◆ Exercise data ◆
++++++++++

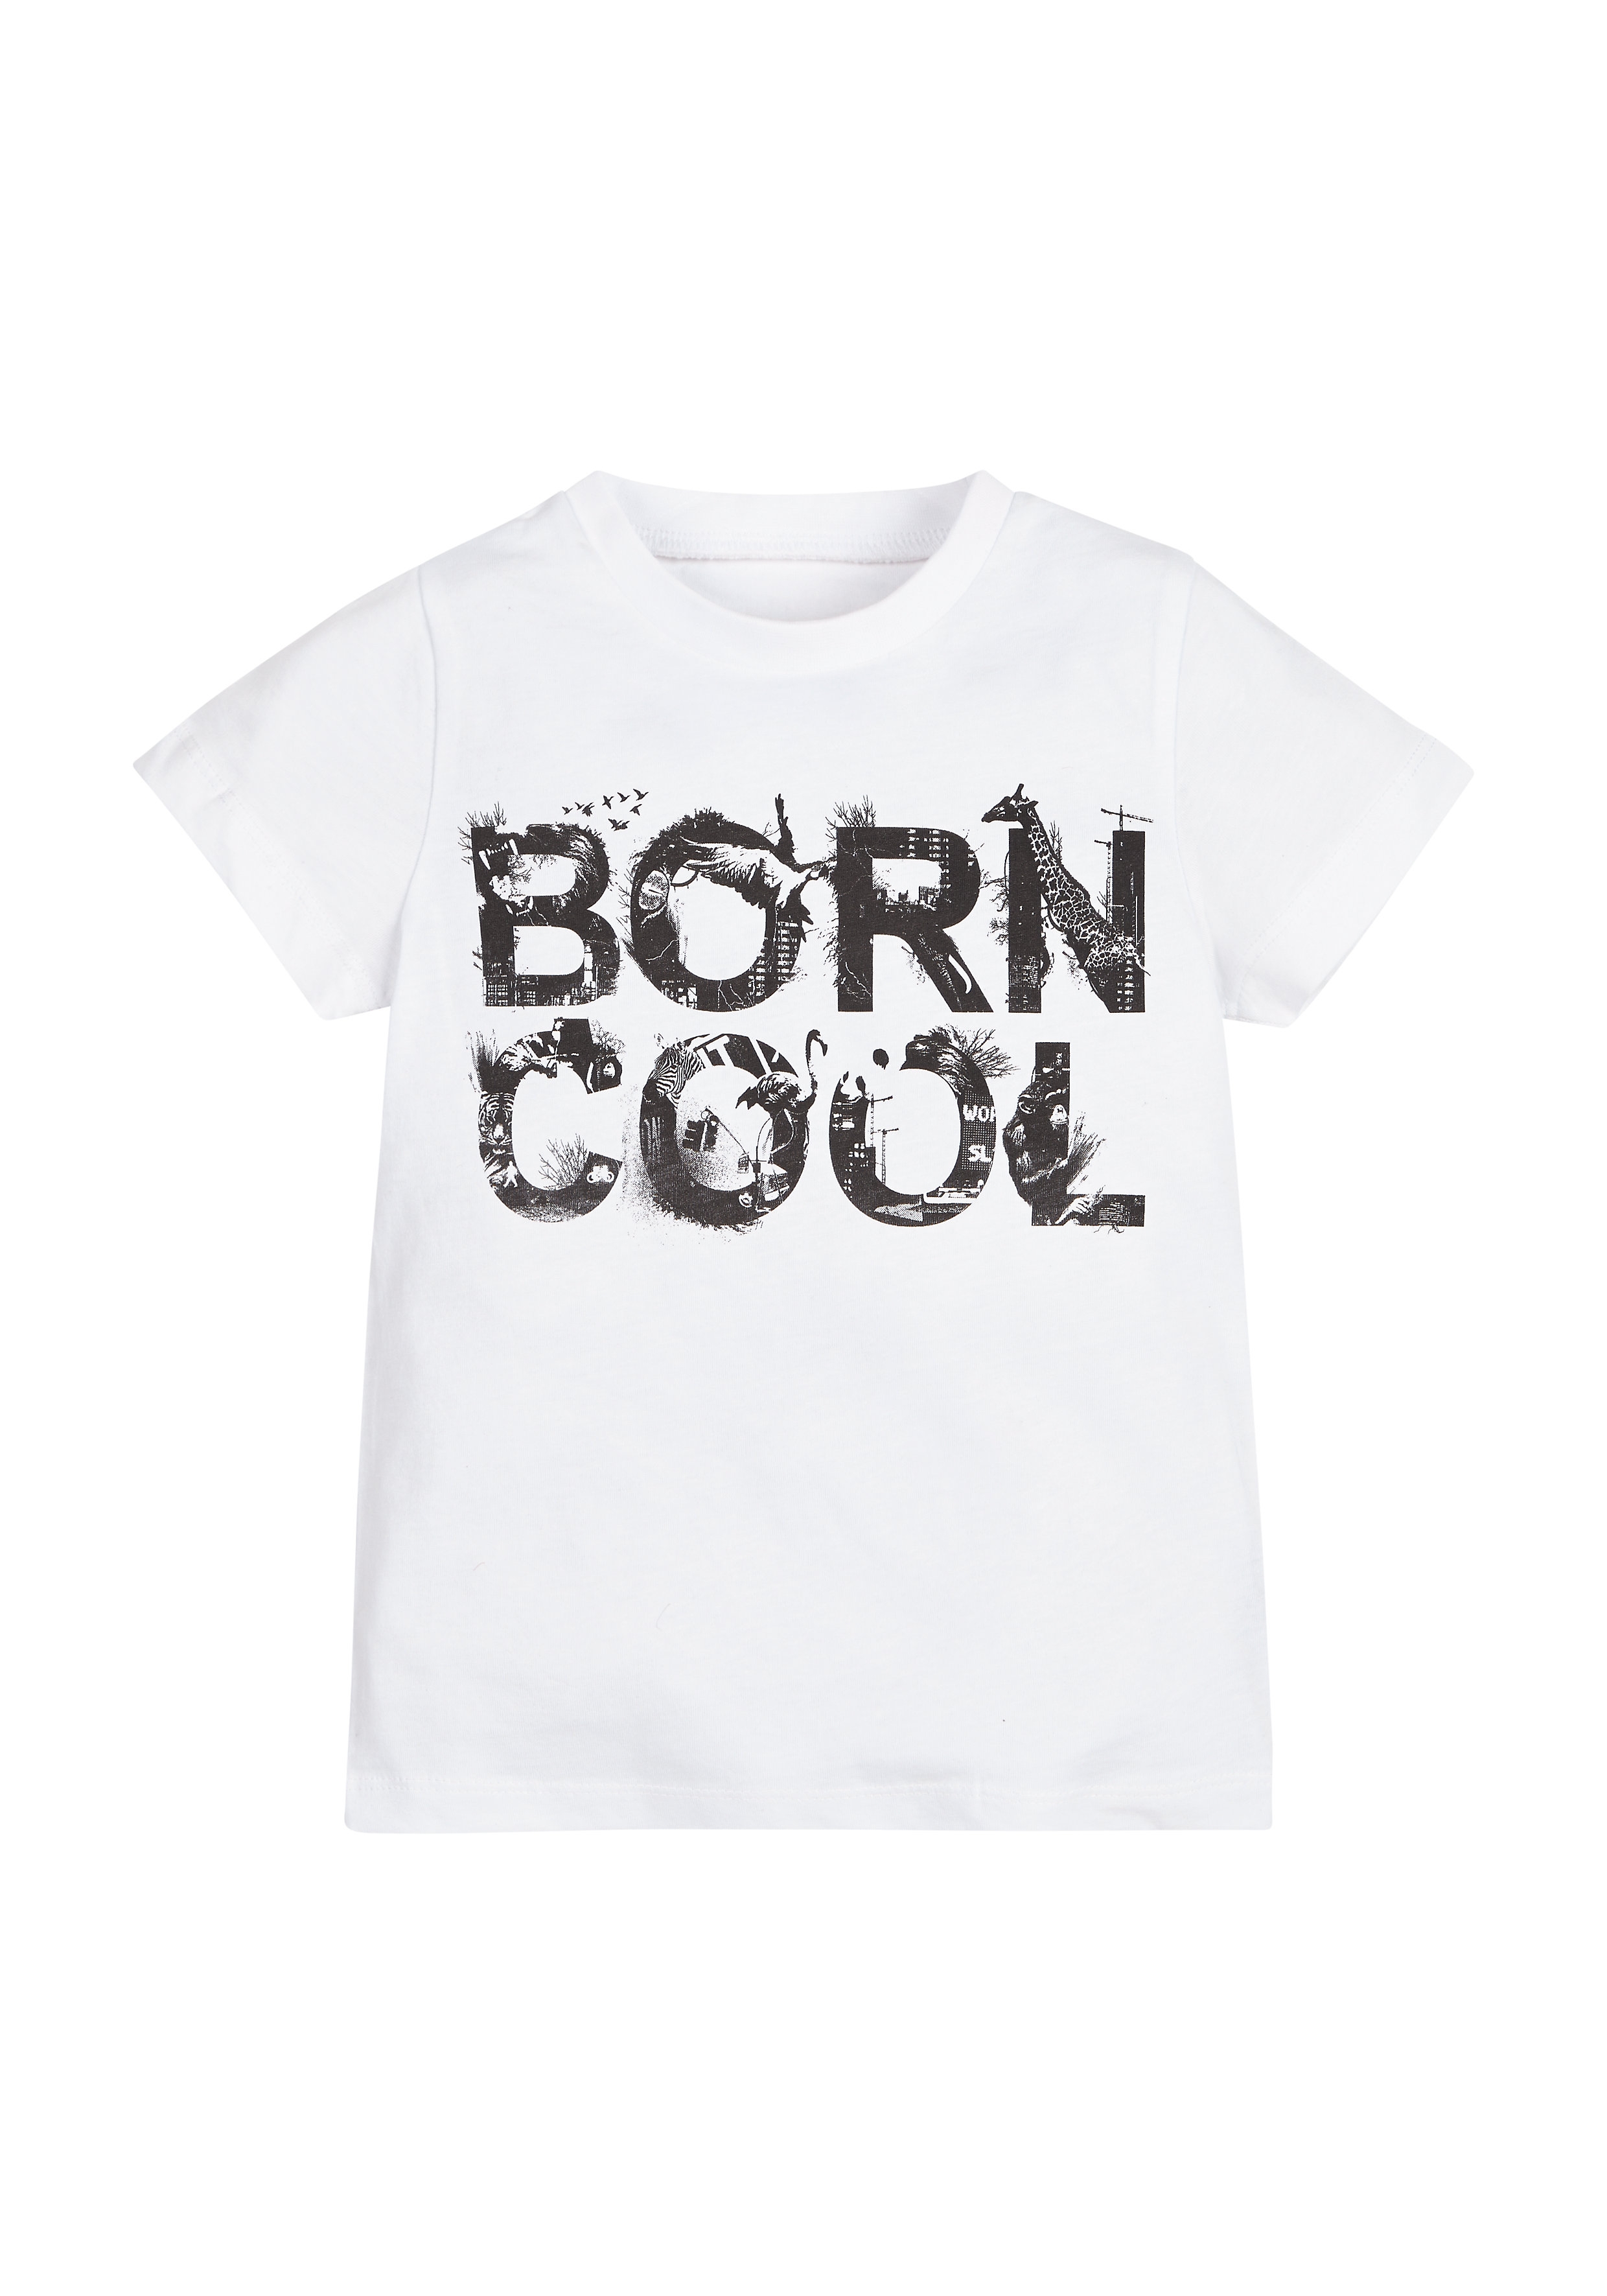 Mothercare | Boys Born Wild T-Shirt - White
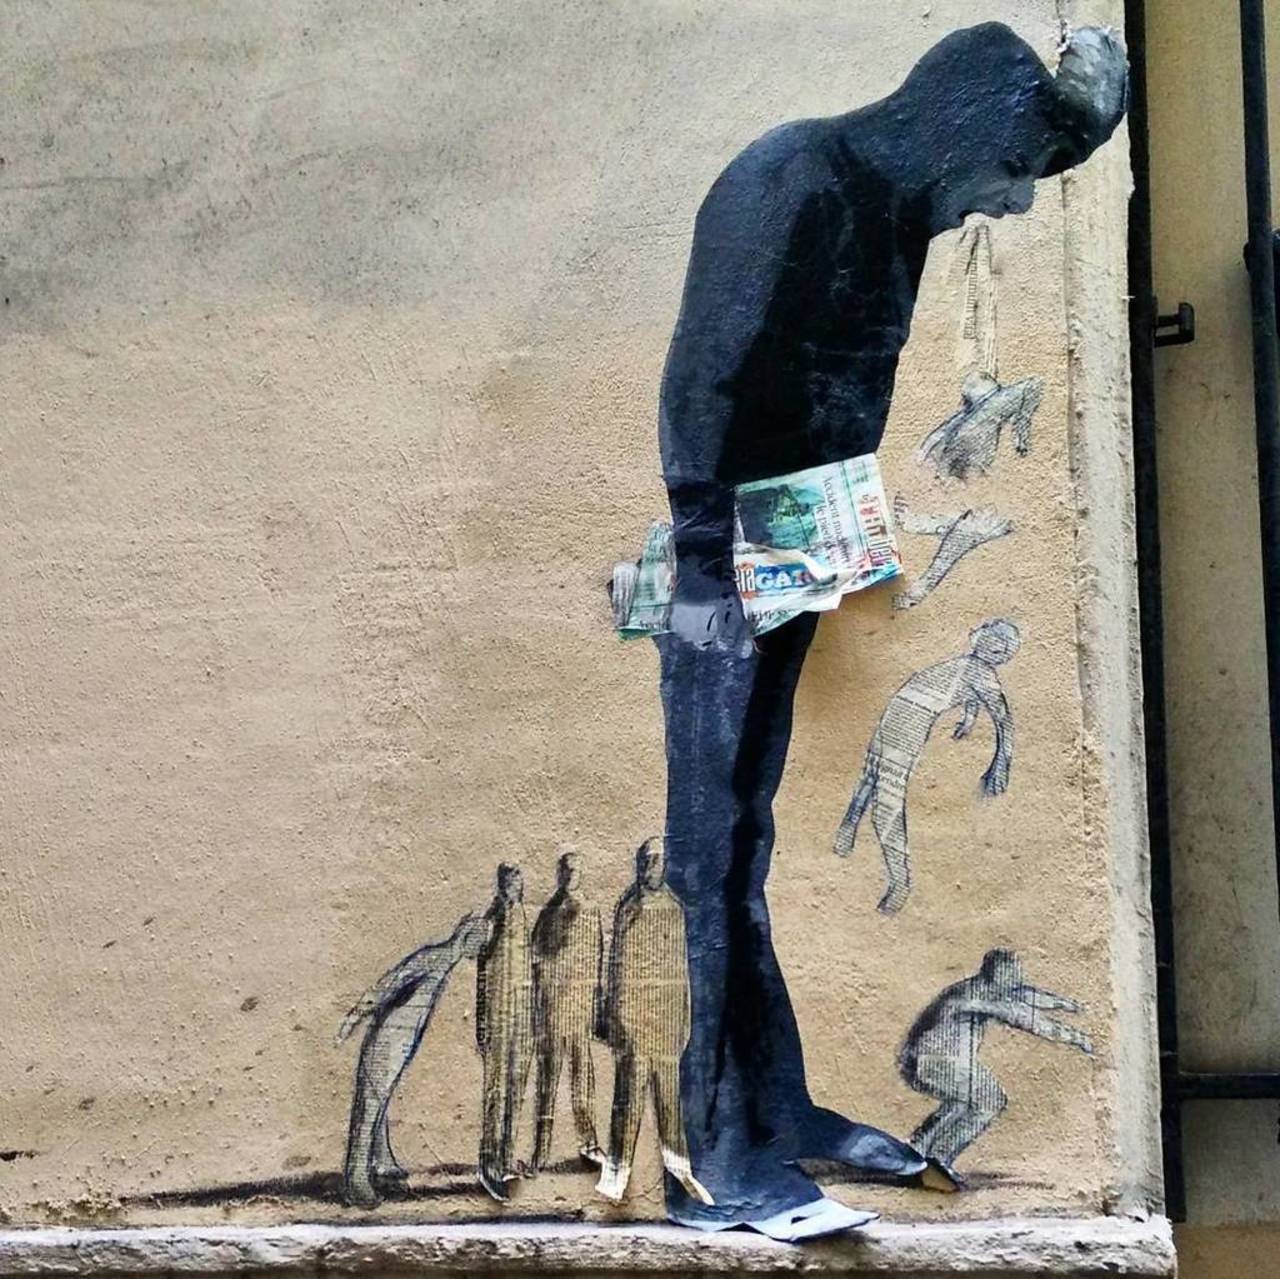 RT @StArtEverywhere: Nice pasteup in Paris

#streetart #streetartparis #parisstreetart #parisgraffiti #graffiti #graffitiart #urbanart #… https://t.co/GRLQDoILBZ

++++++++++

◆ Assignment ◆
The material above should be repeated word for word, with every picture omitted.

◆ Output below ◆
 Mothercare | Boys Born Wild T-Shirt - White
 RT @StArtEverywhere: Nice pasteup in Paris

#streetart #streetartparis #parisstreetart #parisgraffiti #graffiti #graffitiart #urbanart #… https://t.co/GRLQDoILBZ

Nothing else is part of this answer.